Drupal is an open-source content management framework and platform written in PHP. Used for building rich, back-end based solutions for websites of any size and web applications alike, it is massively popular with extremely high statistics of adoption rates. Its distribution under the GNU General Public License means that anyone is free to use the software, contribute to the project in various ways and share it with others. The main distribution of Drupal is called Drupal Core and as of October 2013, it is expandable with over 20 thousand modules and almost 2 thousand themes.
Taking advantage of platforms like Drupal to quickly prototype and develop applications is great. However, just as quickly, issues such as tackling growth of your product start to arise. This will require you to scale rapidly to continue to serve your customers fast, in order to keep their interest in your product and to maintain their happiness.
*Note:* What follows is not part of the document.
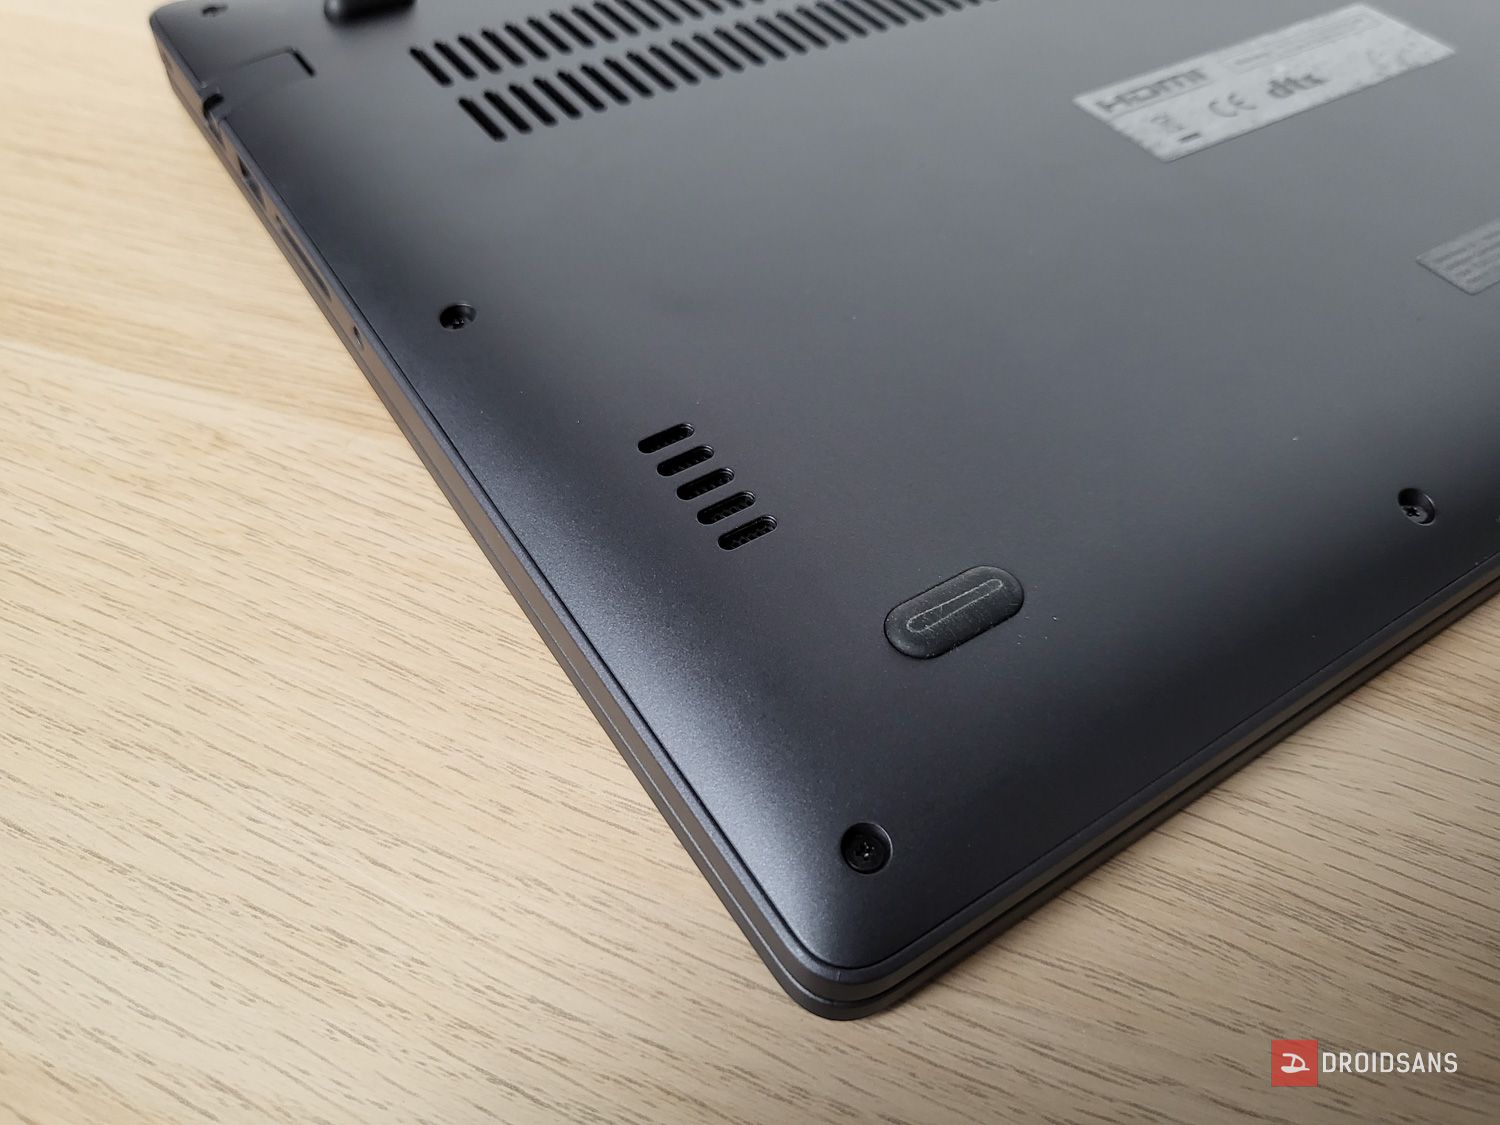 Review | รีวิว RedmiBook 15 โน้ตบุ๊คทำงานสุดคุ้ม จอใหญ่ ดีไซน์เรียบหรู ราคาเริ่มต้น 13,990 บาท

In this article in a series tohelp developers with scaling, we will be talking about configuring Varnish with Drupal to greatly reduce the amount of time it takes users to load your Drupal based website and increase the simultaneous serving capacity by passing requests through the Varnish Cache software first.
When talking about scaling in terms of software, what people usually mean is [a system's] ability to handle and accommodate a larger-than-its-built-for amount of work (which is to be processed) and data *which is to be kept and used in real-time or later). Regarding networks, the definition and identification of the issue gets simpler, despite a thorough solution usually being more costly to implement as it can require further incorporation of hardware to the system.
The two most common approaches of scaling a webpage (or a web application) are: Vertical and/or Horizontal scaling.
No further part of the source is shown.